Well, now I’m really in to running. I love triathlons too. I know I’m going to play sports in college, but which ones?

Recently I’ve been thinking about become a humane officer. It pains me to know that so many animals are suffering and abused. I want to dedicate my life to stopping the cruelty that takes place everyday.  I want to do this, but there are some issues.

A humane officer makes 32,000 dollars annually. I don’t have millions of dollars in family money, I don’t have a billion dollars in my bank account, and I want to stay in California. I’m afraid 32,000 dollars would not be enough to have a home, a car, and eventually kids.

So, my plan is now to stick with being an environmental lawyer. I still really want to be a humane officer though…
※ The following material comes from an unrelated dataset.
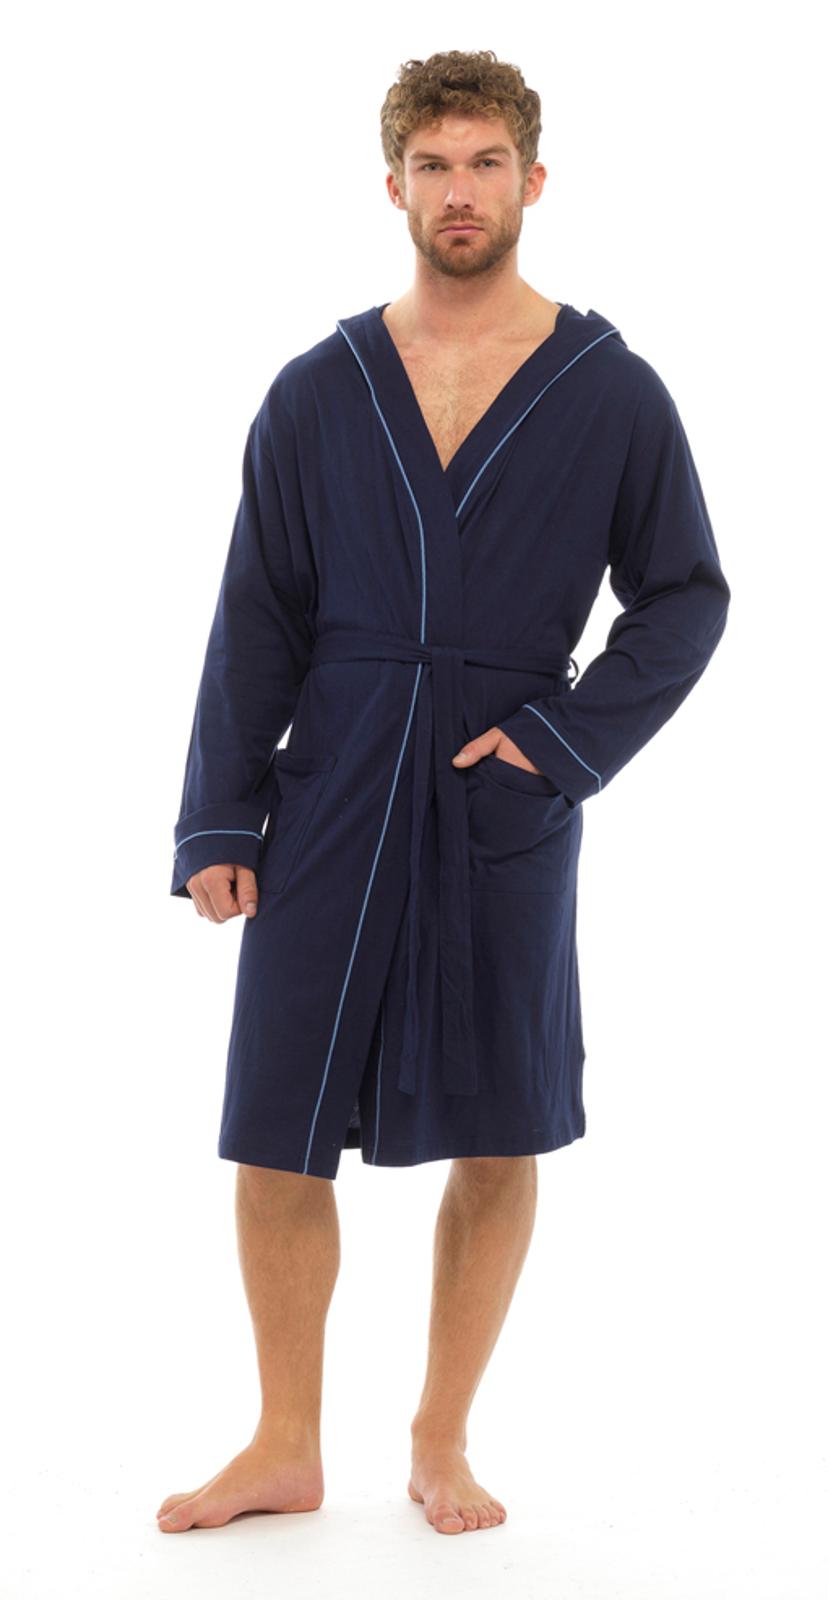 Mens Lightweight Hooded Robe Summer Dressing Gown 100 Cotton

Again, on the topic of money, I realized that I’m not going to have enough money to go to any of the colleges I want to go to. I could go to junior college. It would save a lot of money and I can save up for my next two years at a university.

I also want to take a gap year and go to the Peace Corps…

Will I go straight to a four year school? I wonder where I’m going to live after college? What college am I going to go to? What law school will I go to? Will I still want to be a lawyer, or will my opinions change? What sports will I play? Will I have a boyfriend? Will I get married? Am I going to have kids? When will I retire? Will I become a humane officer?

I don’t know, honestly. But maybe in thirty years, I’ll come back to this post and reflect on everything I did or didn’t do.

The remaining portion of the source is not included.